◆ **WHAT YOU SHOULD DO**:
A verbatim restatement of the data, free of pictures, is what you should output.

◆ **DATA BELOW**:
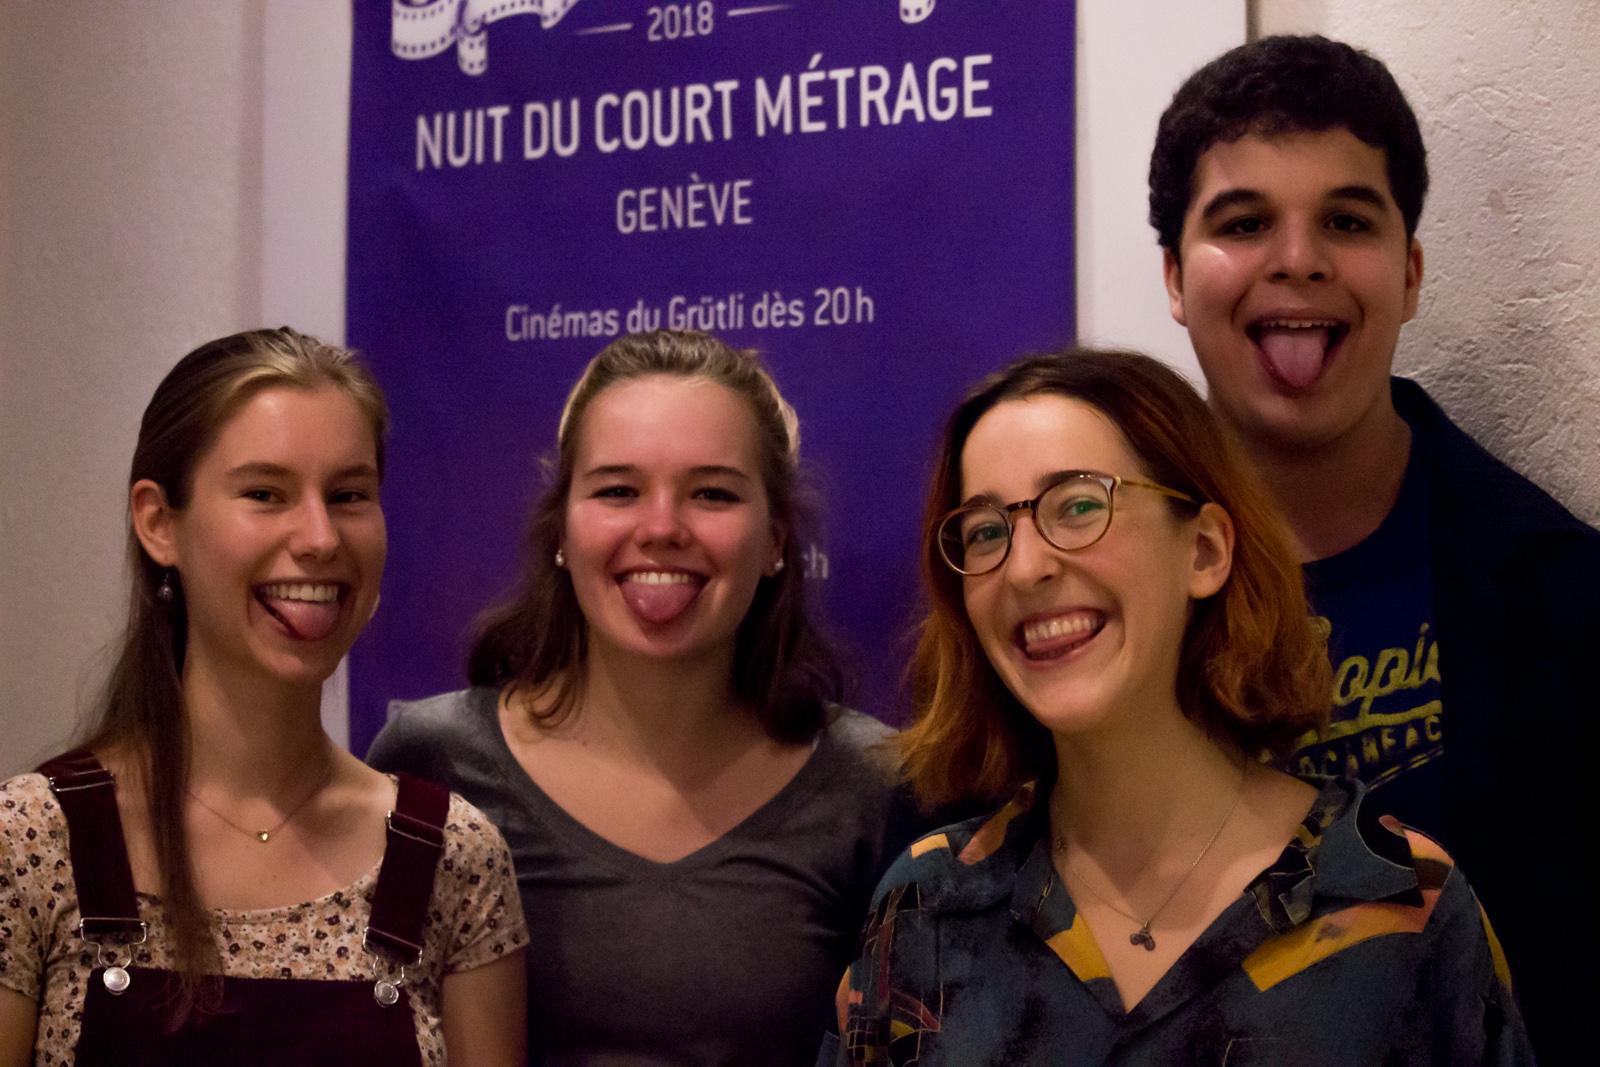 IMG_9051_NDC18_2018-09-21_Geneve_©SergeMabuya_Jury-des-jeunes.jpg
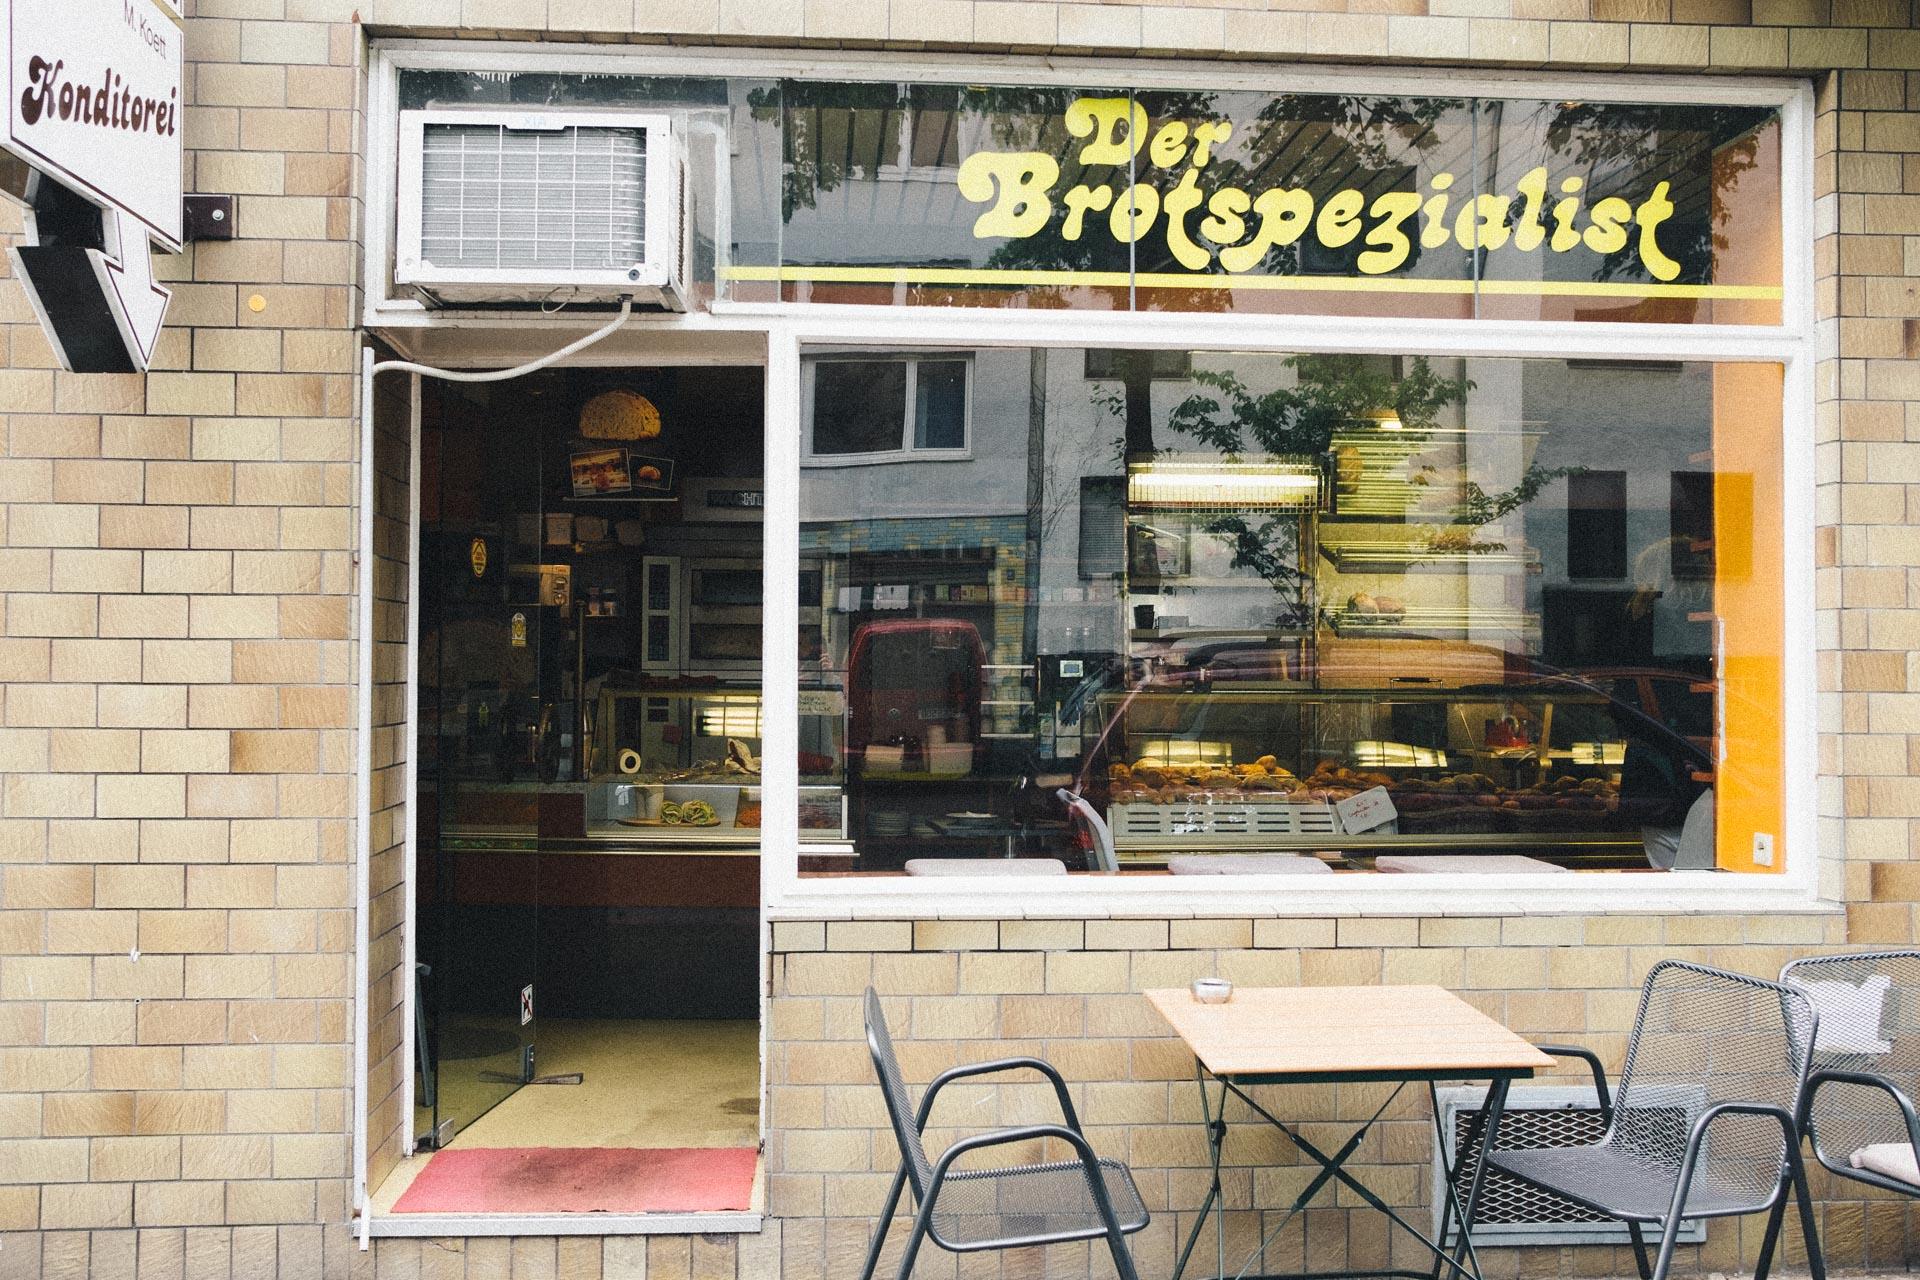 wearecity-baeckerei-derbrotspezialist-guide-koeln-atheneadiapoulis-2017-7.jpg
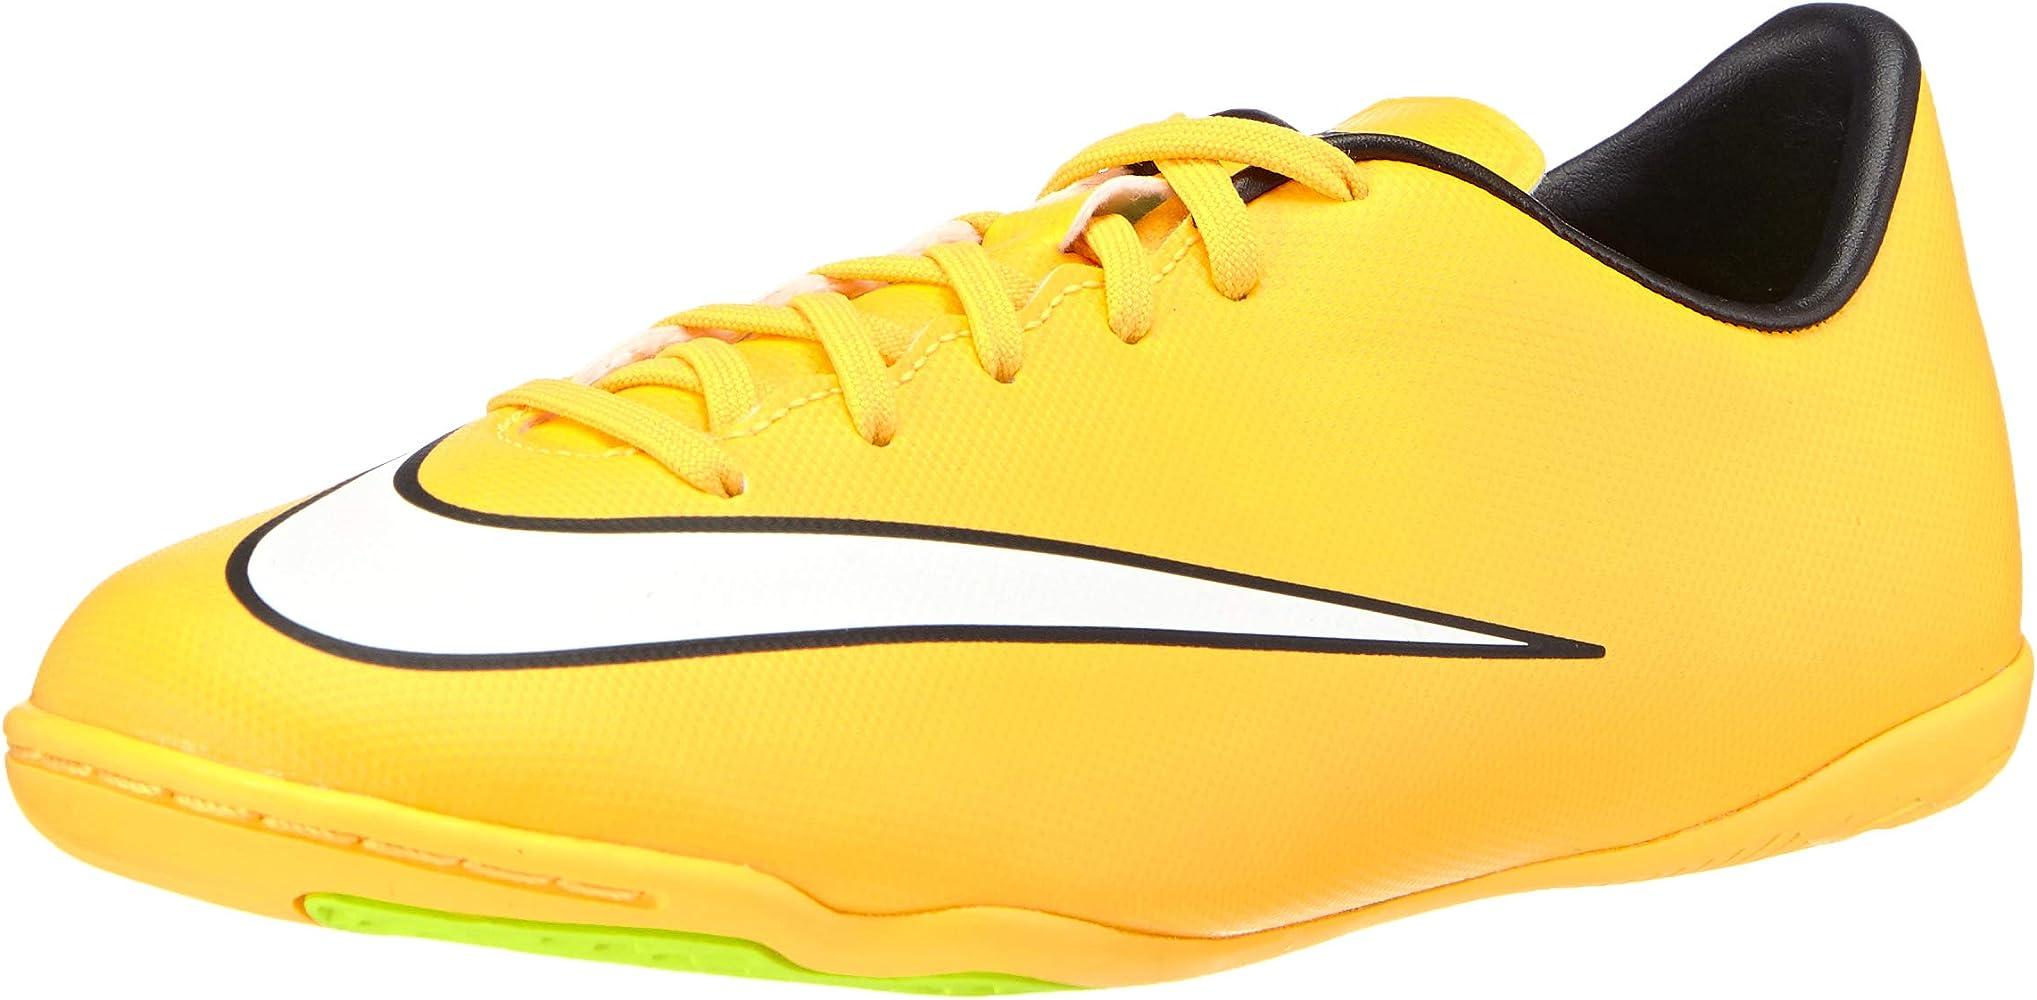 Pase para saber Optimismo Prosperar  Amazon.com | Nike JR Mercurial Victory V IC Indoor Boys Shoes (11C) | Soccer

◆ **SOLUTION BELOW**:
 IMG_9051_NDC18_2018-09-21_Geneve_©SergeMabuya_Jury-des-jeunes.jpg
 wearecity-baeckerei-derbrotspezialist-guide-koeln-atheneadiapoulis-2017-7.jpg
 Pase para saber Optimismo Prosperar  Amazon.com | Nike JR Mercurial Victory V IC Indoor Boys Shoes (11C) | Soccer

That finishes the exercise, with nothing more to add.